I too was hoping she'd be back by now.

Just as a thought but have you checked all local buildings also every pond and water trough especially those round concrete ones?


----------



## Lanky Loll (8 February 2012)

I really hope she's somewhere warm - rather that than anything else. Checked buildings and watercourses today, and spoke to people in the yards, postie, random dog walkers anyone and everyone


----------



## Maesfen (8 February 2012)

Have you got it out on local radio too?

When our Holly went missing at 12 weeks old in early January (about 16 years ago now, her mother had taken her off and lost her, she was back in 30 minutes!) we feared the worst.  Scoured everywhere, notified everyone, went out all day and night both with other dogs and on the hunters; all our farmers were great, said I could ride anywhere; checked every trough and pond, on the radio, signs at each end of the road and so on, just as you're doing.  She was brought back by a distant neighbour 4 days later as she had found her way into their old kennel and taken shelter there.  Was as thin as a twig but bright in herself; after some small feeds of warm Weetabix she was happily sleeping in front of the fire.
I do hope you have a similar happy ending.


----------



## PolarSkye (8 February 2012)

Lanky Loll said:



			None. I'm actually at the stage of hoping someones pinched her at least then she's hopefully somewhere warm and comfortable.
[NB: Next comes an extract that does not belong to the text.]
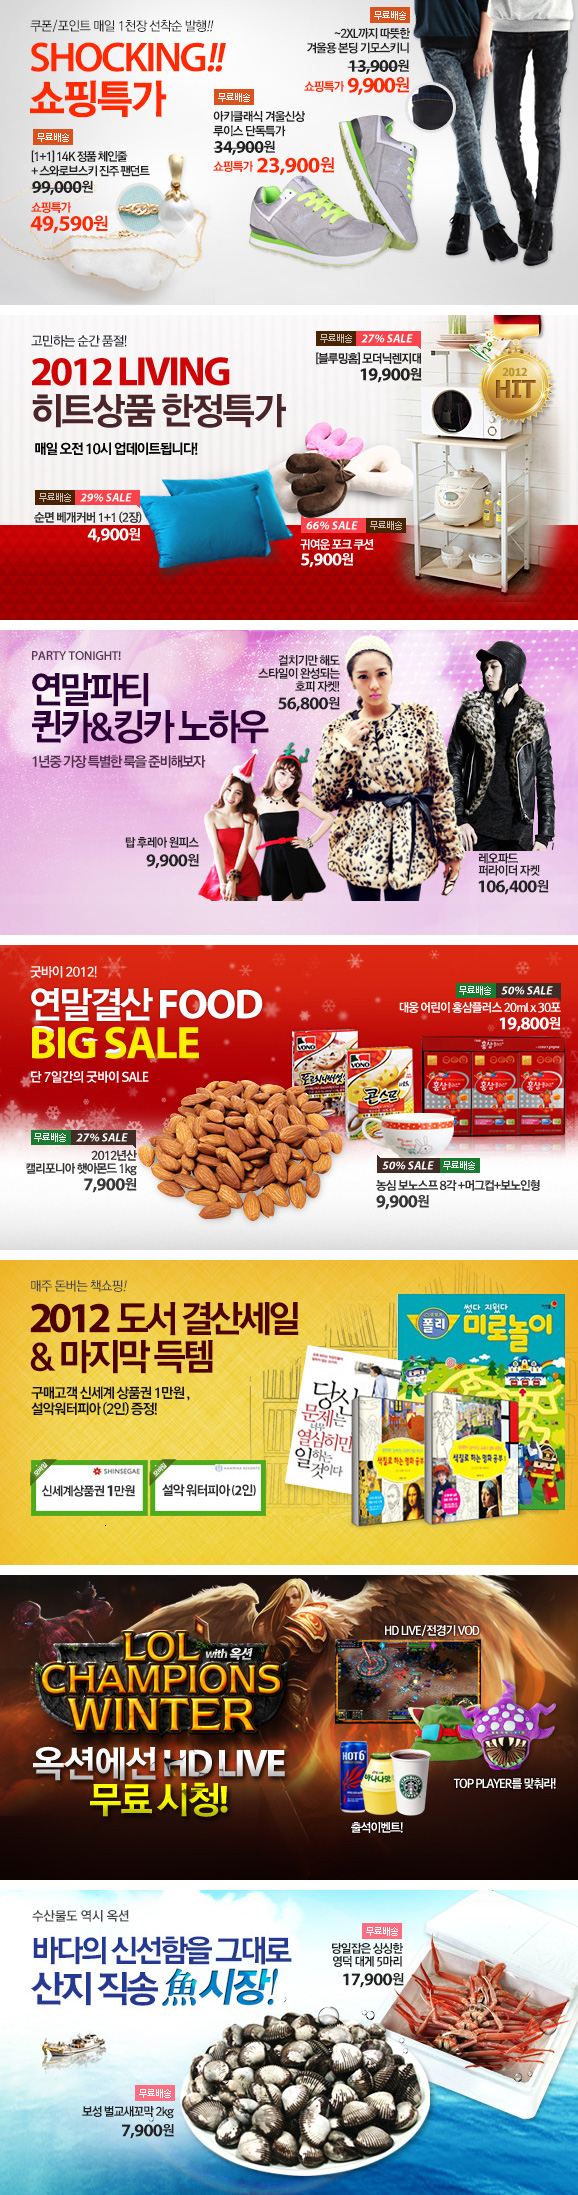 韩国购物网站Banner设计欣赏1228

Been out with all the other dogs again this pm and just no sign of her 

Click to expand...

I'm so sorry to hear this . . . I had hoped I would see a post from you saying she had been found.  Thinking of you and please keep us posted.

P


----------



## Lanky Loll (8 February 2012)

Thanks folks, just had a call from the local doglost coord and she suggested a load more folks to contact so that will be tomorrows task.


----------



## SaharaS (8 February 2012)

Sorry to hear Lily's missing, hope the morning brings good news...and a bark at the door...go on FB and post it on Wiltshire horse riders and also the wiltshire horsewatch page..poss the rural crimes team page too-look on wilts horse watch & they should be under their 'likes' yell if you are stuck...also FIND BROOK on fb...they are all keeping eyes peeled for a missing stolen choc lab & are a lovely group of people Uk wide-they will cross post if you ask...x positive thoughts for you & Lily's safe return x


----------



## MrVelvet (8 February 2012)

positive thoughts for you and your missing Lily xxx


----------



## Native Speaker (9 February 2012)

Any news?

Keeping everything crossed for the safe return of your little girl. 
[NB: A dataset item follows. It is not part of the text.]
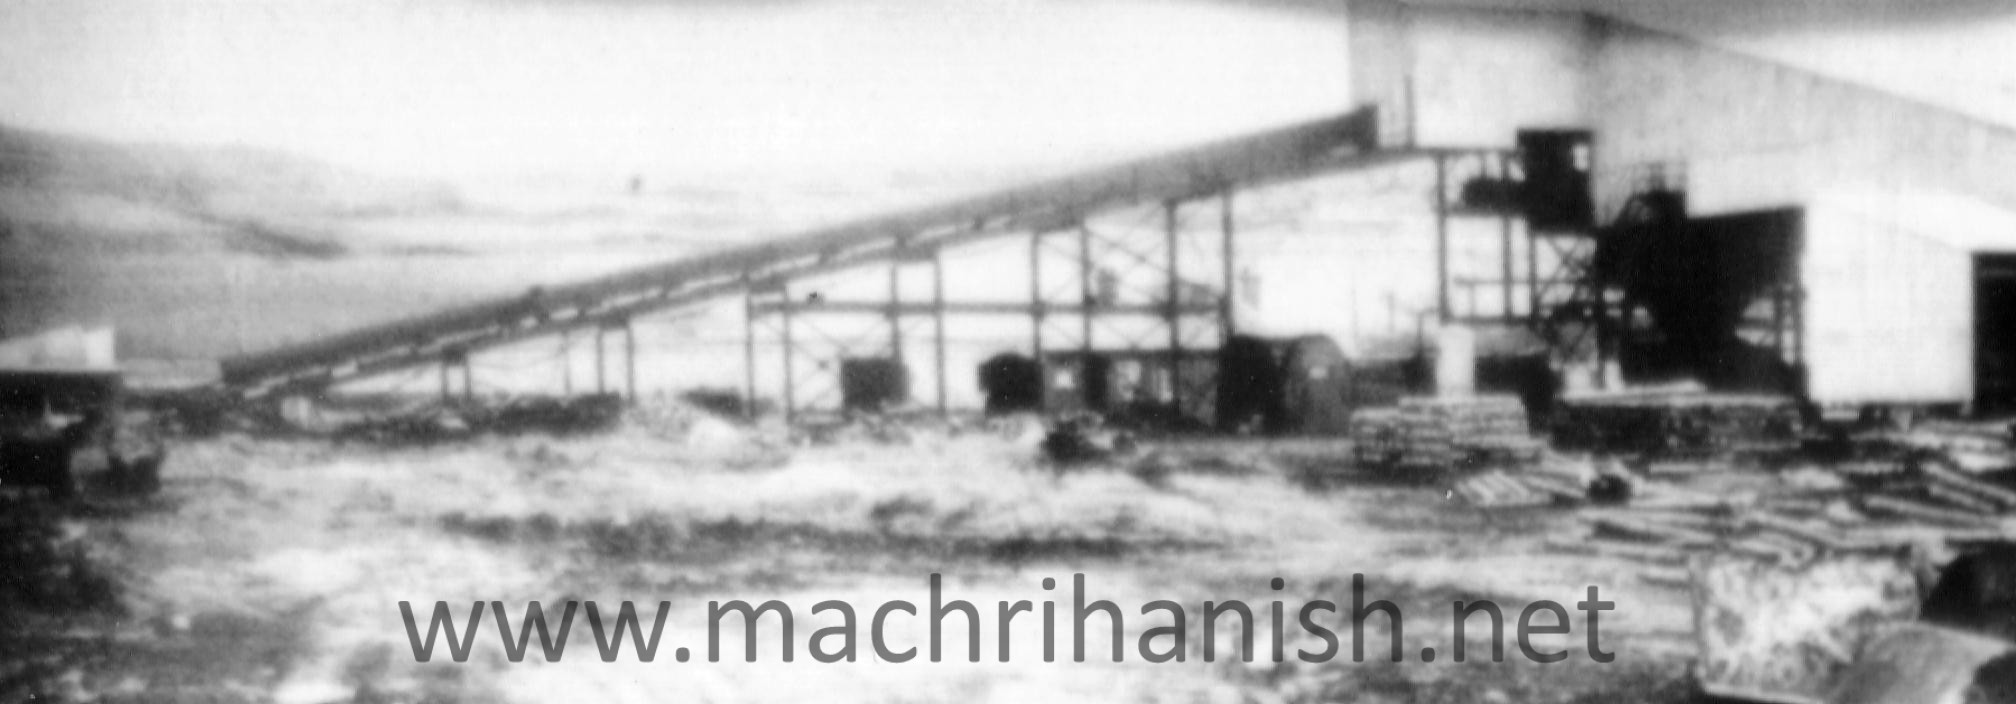 Machrihanish Colliery

Stay strong - we are all here for you. 

C xx


----------



## Dobiegirl (9 February 2012)

Fingers crossed you are soon reunited with Lily and she is none the worst for her little adventure. xx


----------



## Toffee44 (9 February 2012)

I remember doing a walk round the museum and loosing Dylan I had been looking for 45minutes and got lost myself in the woodland, so headed back for the road and accross the site, the little bugger was sat outside my OH office ! ! ! 

But the feeling in my throat was horrible. 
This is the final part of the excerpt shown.